→ **Stored data**
Segment Open

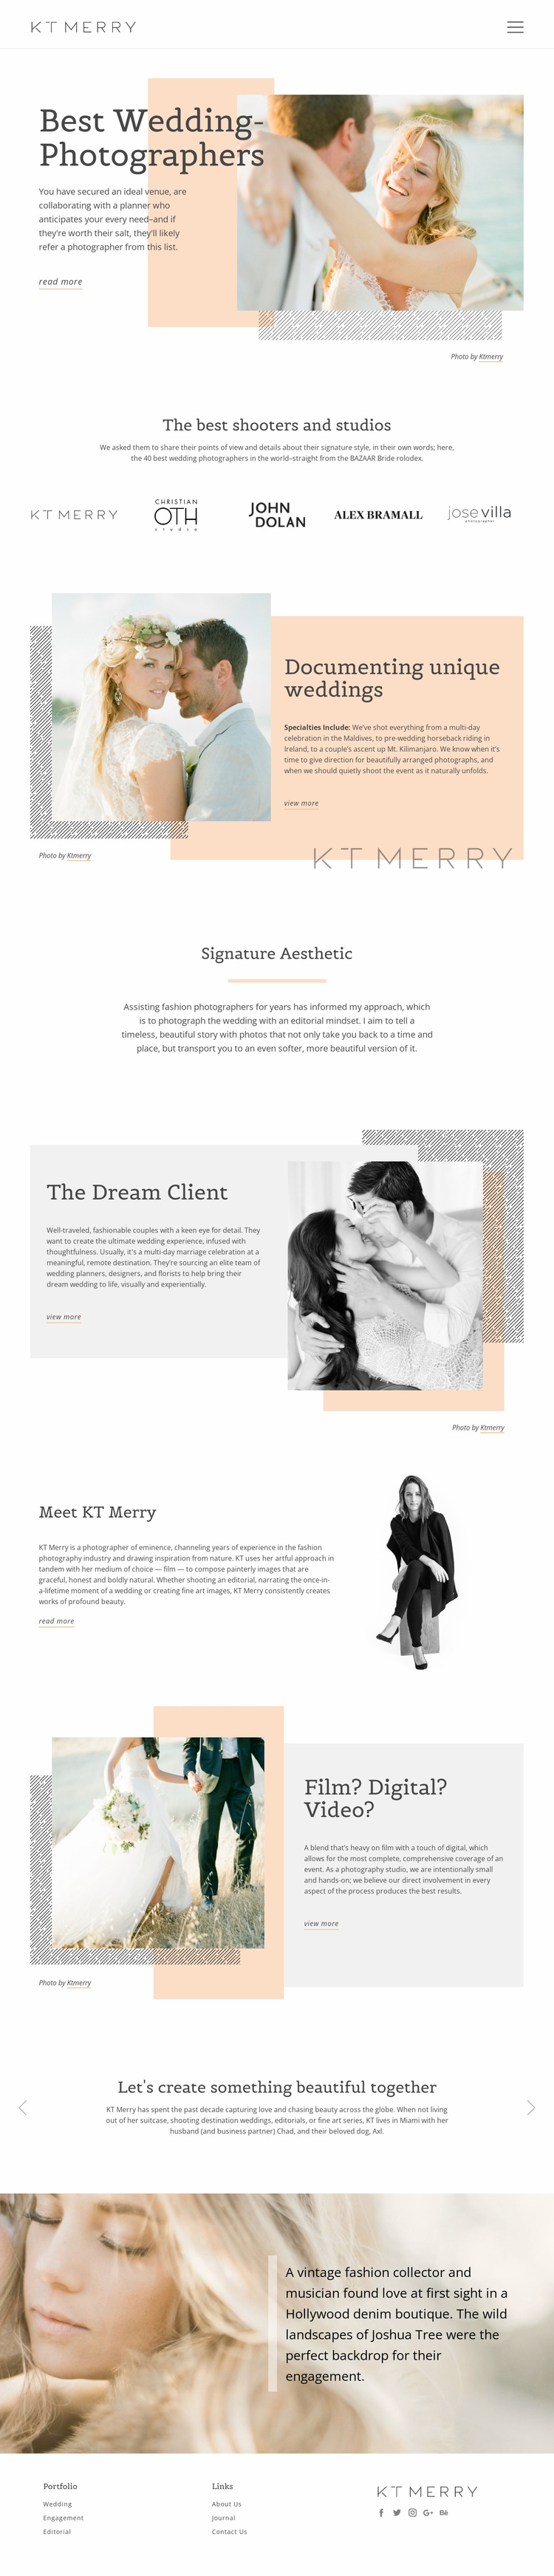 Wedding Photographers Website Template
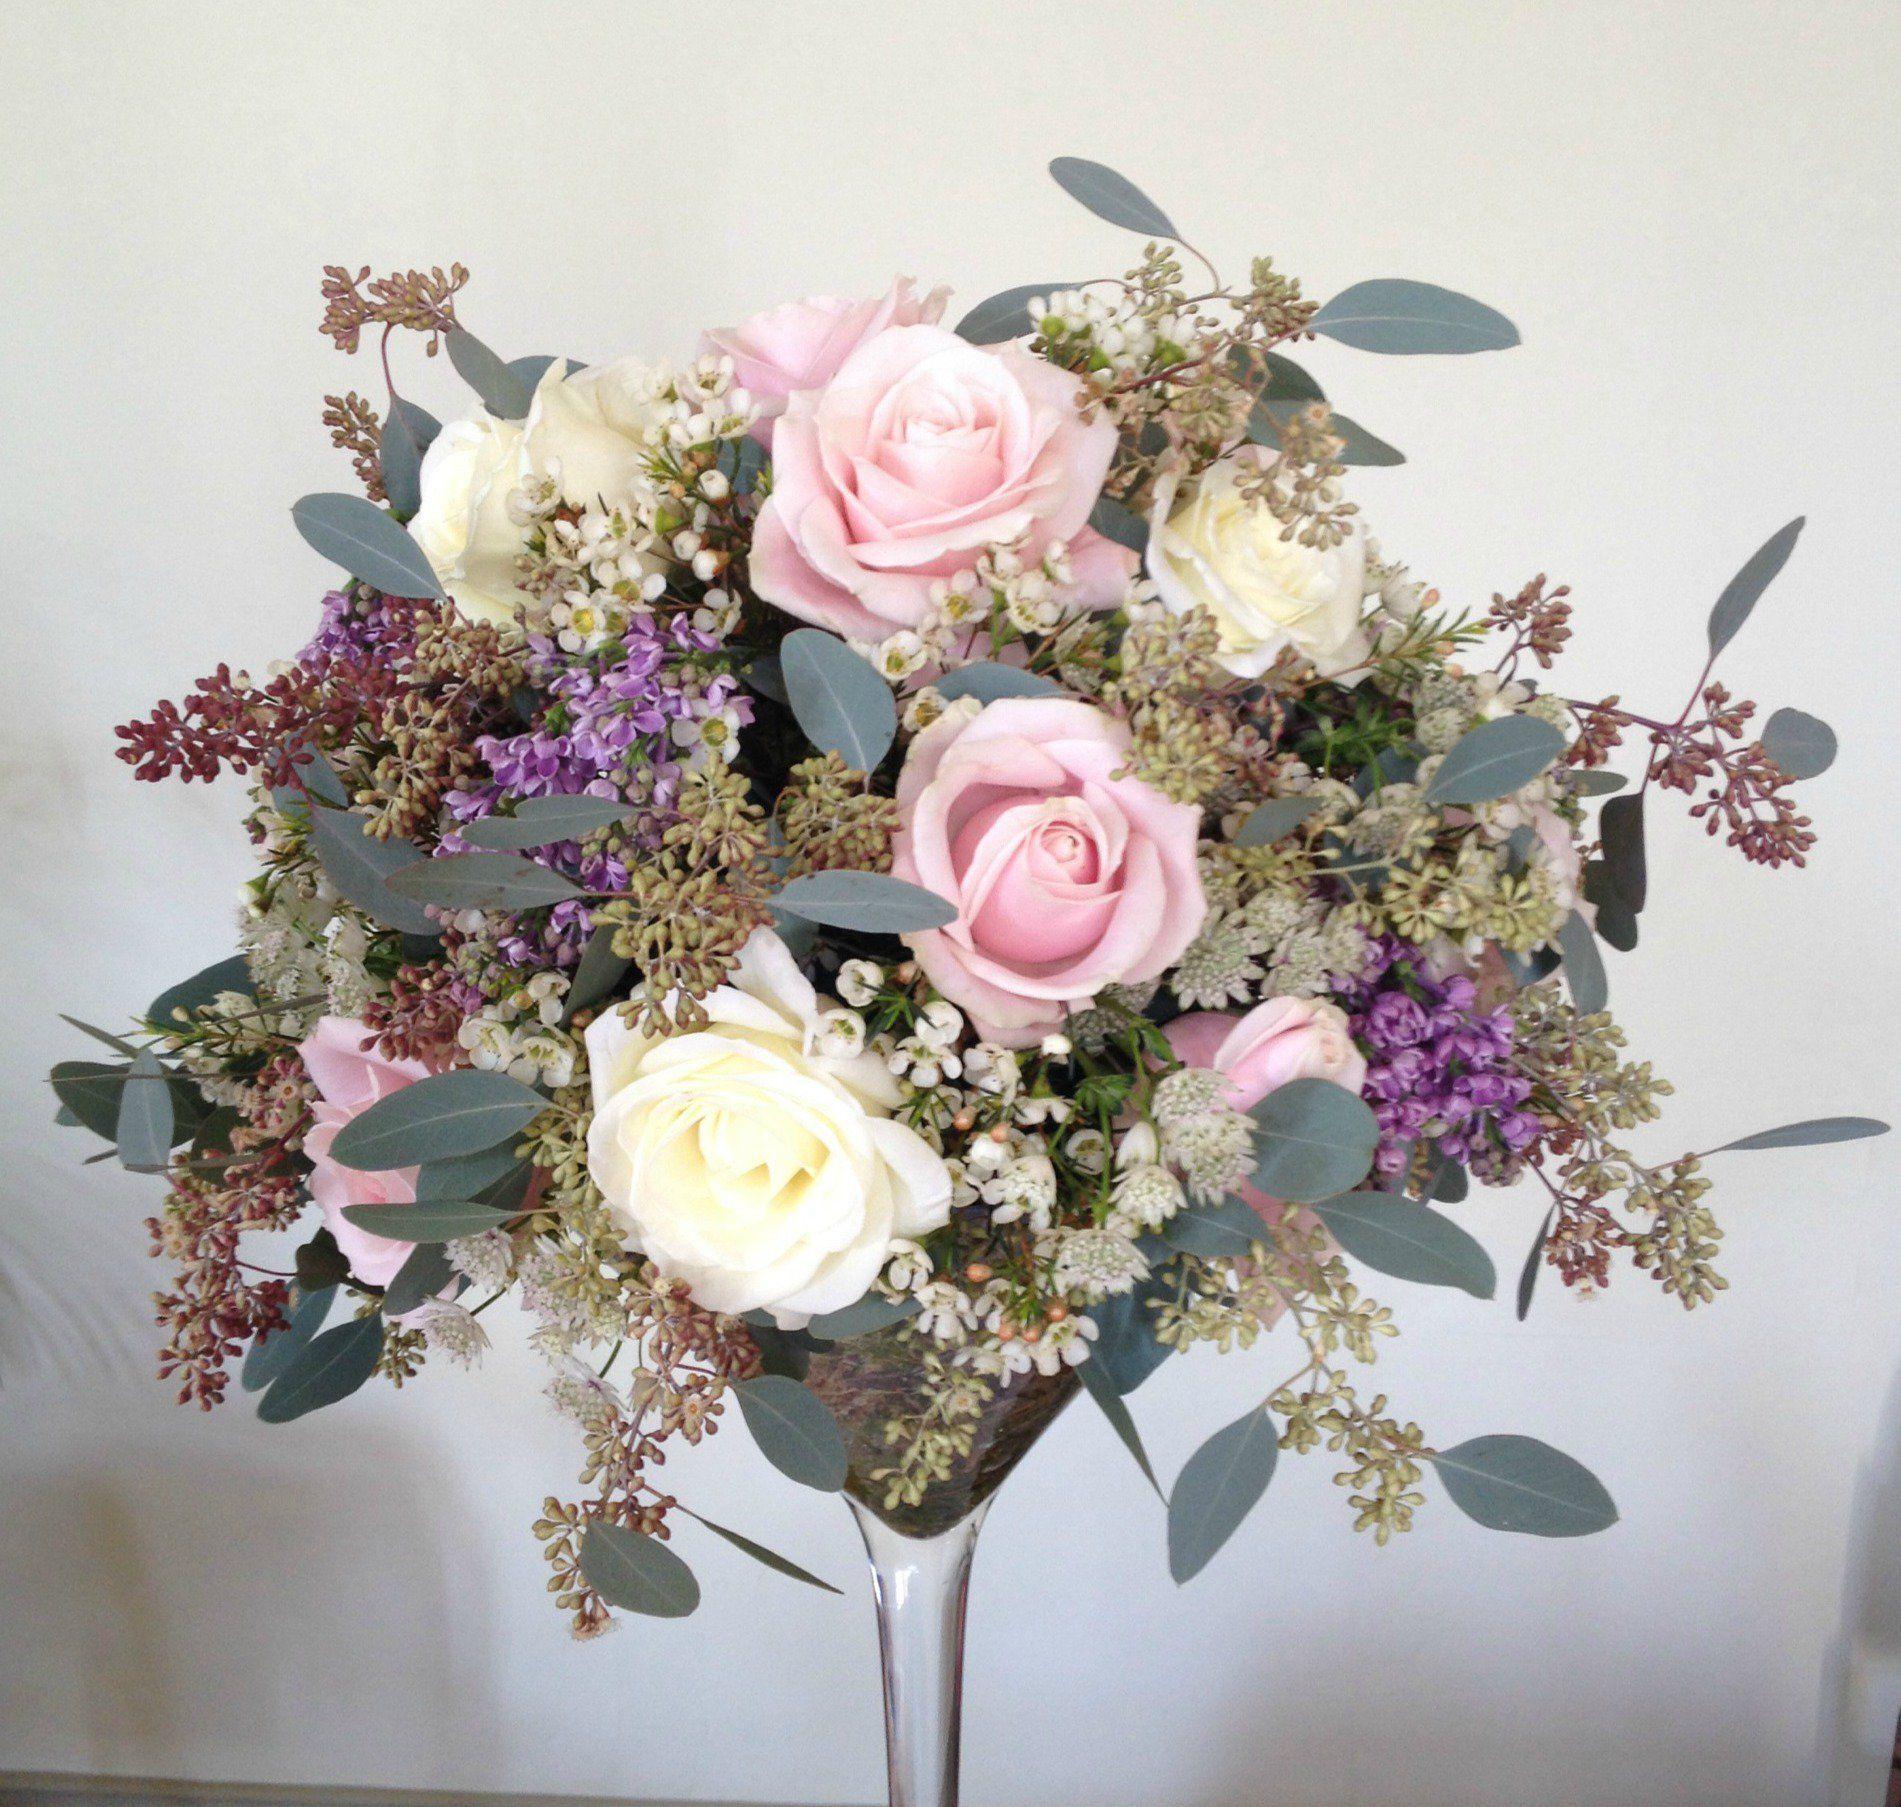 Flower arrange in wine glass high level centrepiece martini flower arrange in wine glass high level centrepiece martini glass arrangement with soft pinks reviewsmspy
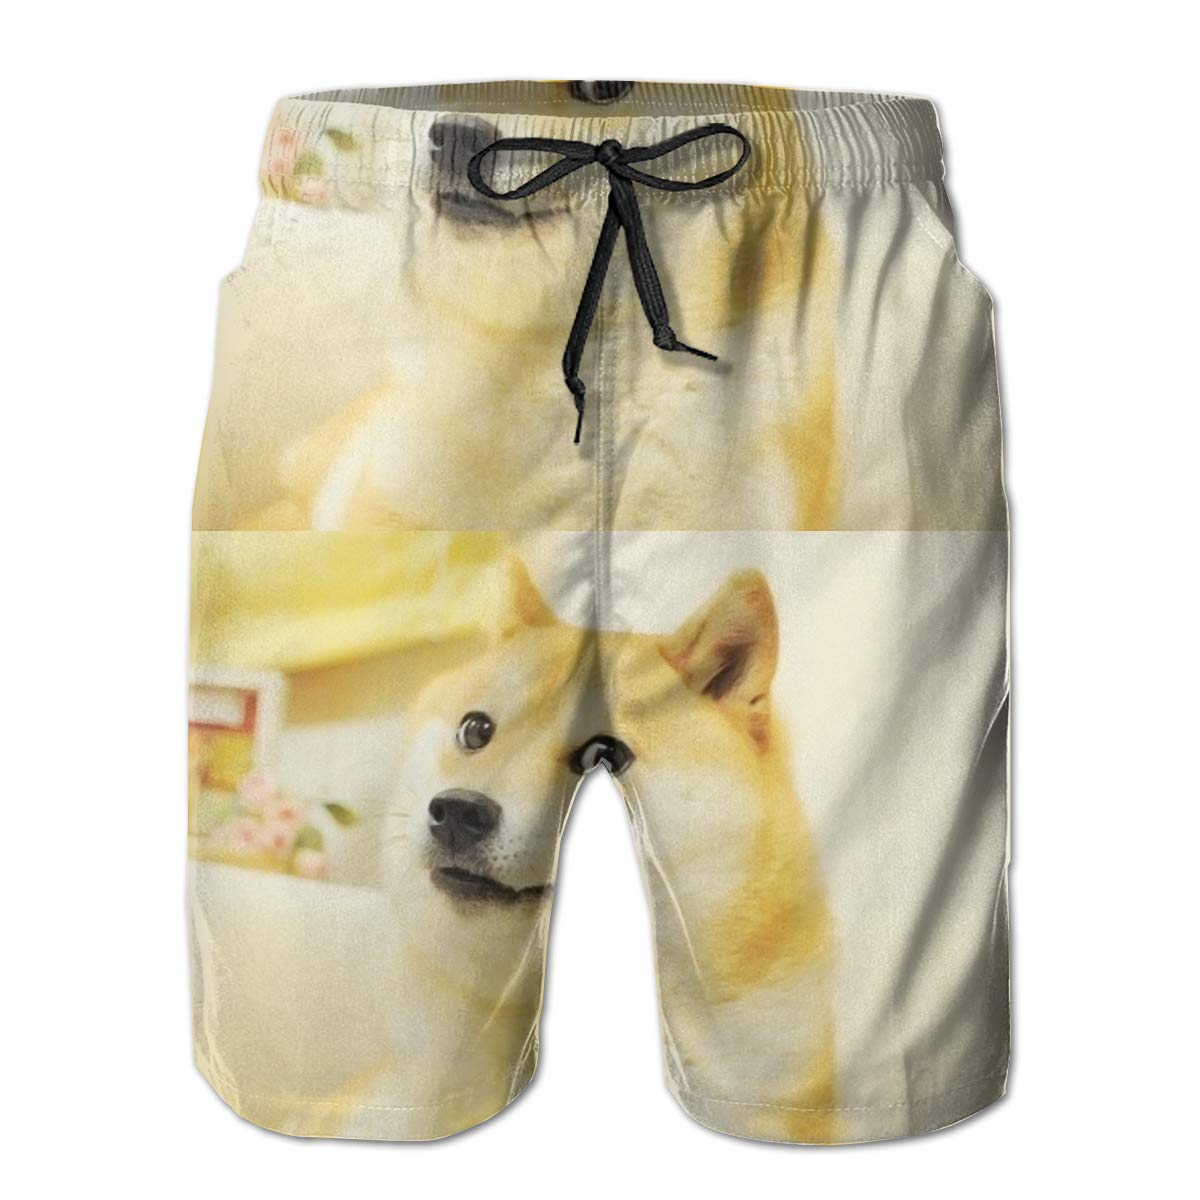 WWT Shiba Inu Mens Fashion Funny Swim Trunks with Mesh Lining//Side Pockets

Segment Closed

→ **Work to complete**
With pictures excluded, restate word for word the lines from the one that contains "soft pinks reviewsmspy" through the end of the material, inclusive, and nothing more.

→ **Solution for this exercise**
 Flower arrange in wine glass high level centrepiece martini flower arrange in wine glass high level centrepiece martini glass arrangement with soft pinks reviewsmspy
 WWT Shiba Inu Mens Fashion Funny Swim Trunks with Mesh Lining//Side Pockets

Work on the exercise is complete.